In an $LCR$ series $a.c.$ circuit, the voltage across each of the components, $L,C$ and $R$ is $50V$. The voltage across the $L.C$ combination will be
A
$100V$
B
$50\sqrt 2$
C
$50$ $V$
D
$0$ $V$ (zero)

Explanation

Since the phase difference between $L$ & $C$ is $\pi ,$

$\therefore$ net voltage difference across $LC=50-50=0$
2

AIEEE 2004

Alternating current can not be measured by $D.C.$ ammeter because
A
Average value of current for complete cycle is zero
B
$A.C.$ Changes direction
C
$A.C.$ can not pass through $D.C.$ Ammeter
D
$D.C.$ Ammeter will get damaged.

Explanation

$D.C.$ ammeter measure average current in $AC$ current, average current is zero for complete cycle. Hence reading will be zero.
3

AIEEE 2003

The core of any transformer is laminated so as to
A
reduce the energy loss due to eddy currents
B
make it light weight
C
make it robust and strong
D
increase the secondary voltage

Explanation

Laminated core provide less area of cross-section for the current to flow. Because of this, resistance of the core increases and current decreases thereby decreasing the eddy current losses.
4

AIEEE 2003

When the current changes from $+ 2A$ to $-2A$ in $0.05$ second, an $e.m.f.$ of $8$ $V$ is inducted in a coil.

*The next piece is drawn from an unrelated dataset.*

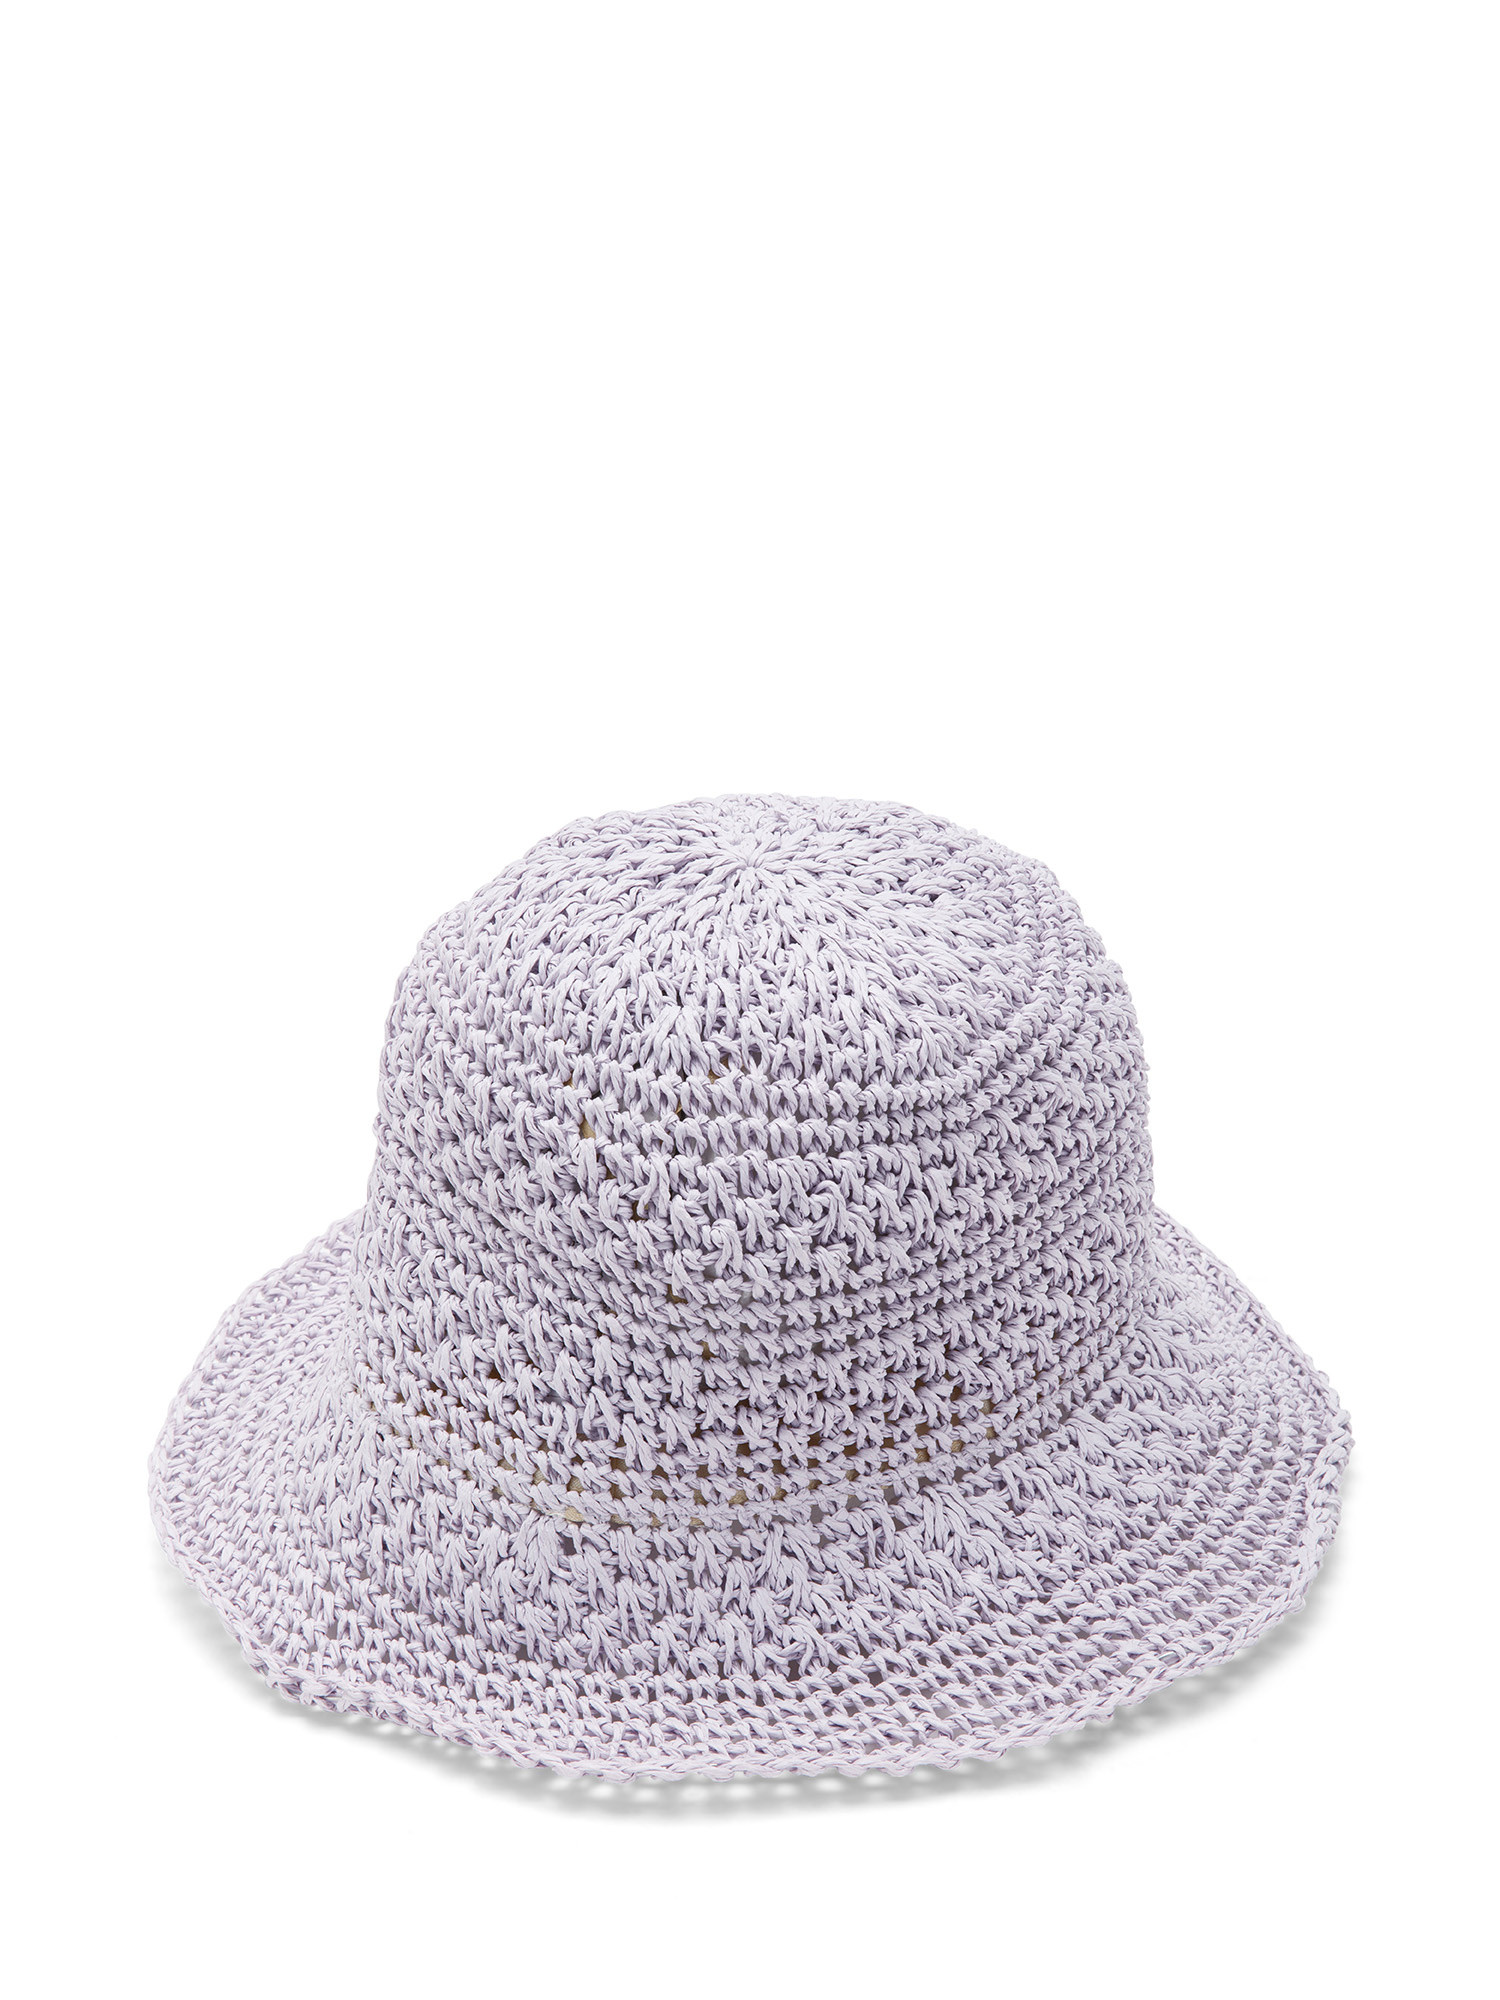 Koan - Braided hat, Purple Lilac, large image number 0
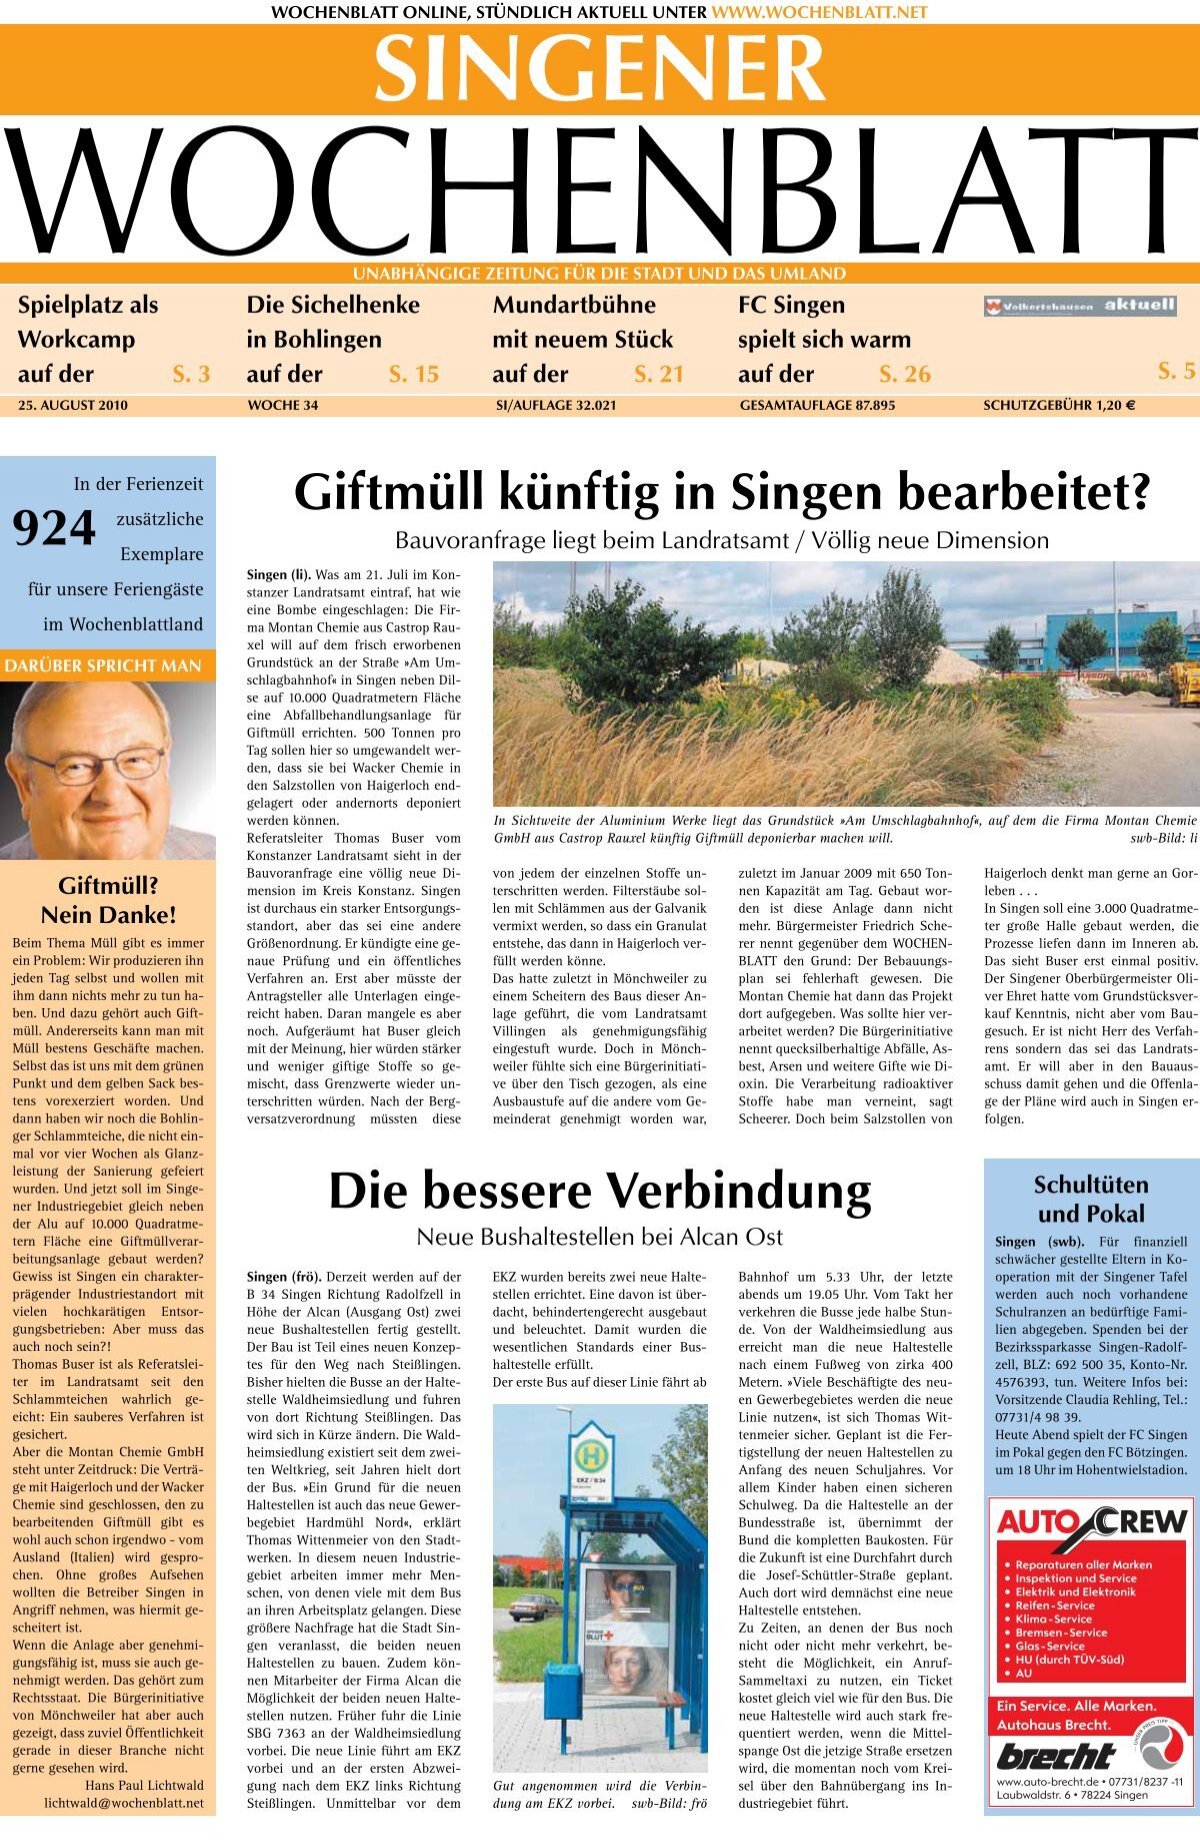 25. Aug. 2010 - Singener Wochenblatt

The coefficient of self- induction of the coil is
A
$0.2H$
B
$0.4H$
C
$0.8$ $H$
D
$0.1$ $H$

Explanation

$e = - {{\Delta \phi } \over {\Delta t}} = {{ - \Delta \left( {LI} \right)} \over {\Delta t}} = - L{{\Delta I} \over {\Delta t}}$

$\therefore$ $\left| e \right| = L{{\Delta I} \over {\Delta t}} \Rightarrow 8 = L \times {4 \over {0.05}}$

$\Rightarrow L = {{8 \times 0.05} \over 4} = 0.1H$